Bottom line up front: When it comes to striking up conversation with someone I've just met, although becoming much easier in recent weeks since I've learned some communication concepts such as the FORD acronym, is still a very difficult undertaking for me. This especially gets to be an issue if the person I'm talking to also isn't the most conversant type and gives little feedback.
Working a room is even more difficult. At least if I spend enough time with one person, usually there's enough small talk to keep things from being especially awkward, but in a group I always find myself unable to get a word in edgewise unless we're taking turns...even then, I don't have a lot to say. It becomes much easier, rather, to melt into the background and listen to the conversations that people are having. Generally speaking, I've found from experience that I converse optimally with either one very talkative person, or within a group of three, as it's intimate enough to speak easily but there is enough feedback and opportunity for triggering further conversation.
Examining my personality, my lack of ease in conversation can probably be attributed to the number of ways I've acted out the role of the quiet studious type. I've always been rather shy with new people, more often preferring to be spoken to rather than initiate speaking. Frankly, I also still have issues with thinking too much about how I'm being perceived, which is compounded by my tendency to not think well on my feet. A lot of this, perhaps, might be tied to my upbringing and experiences. Being an only child, I didn't spend much time with my peer group outside of school and my parents tend to stick closer to home more often than not. When I did finally get out to school, the combination my own attitudes about the school experience and being subject to much of the slings and arrows of dealing with other kids throughout middle school and high school left me feeling that social interaction was more often than not a stressful rather than fulfilling experience. Finally though, I got into college and made a conscious decision to practice this sort of thing with a significantly more polite peer group. Studying the topic full time certainly went a long way towards at least making the communication experience more pleasant.

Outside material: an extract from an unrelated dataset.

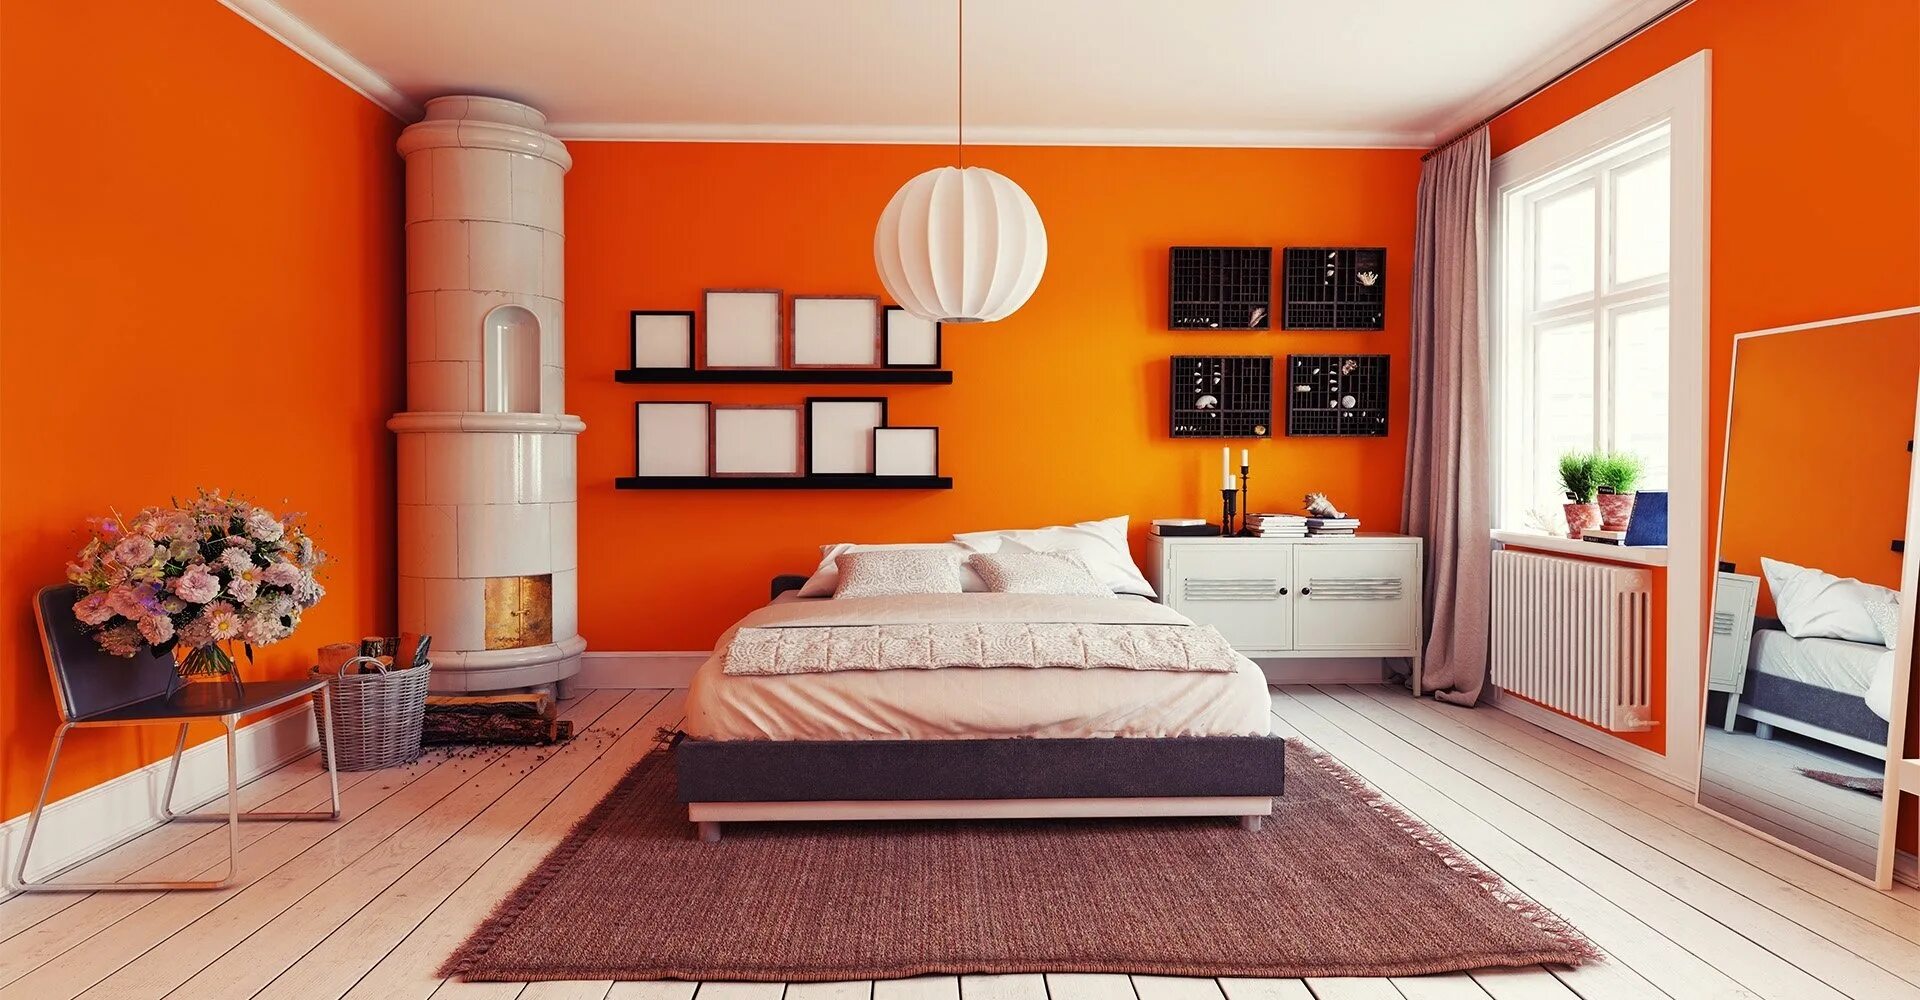 Сочетание цвета мебели в стенами. Оранжевая спальня. Комната с оранжевыми стенами. Спальня в оранжевых тонах. Оранжевый в интерьере спальни.

Much of the material from Chapter 14 of the Messages texts lines up with what I've seen in communication classes and a book or two on dating, especially the parts about framing your attitude in making the approach, utilizing good body language, and some of the basic ice breaker methods. But, there was some interesting material in the section on the levels of self-disclosure. I also thought the explanation on active listening went into greater detail than what I've heard before, and tied together earlier thoughts on listening nicely. I wouldn't mind sometime trying out some of the basic icebreaker questions and techniques to gauge their effectiveness (I'm admittedly just a touch skeptical), and I might put some thought into the levels of self-disclosure at play in my various day to day relationships. Certainly, I'm already shifting some of my thoughts just slightly on a few of my regular interactions and evaluating where on each level I might be with people I know.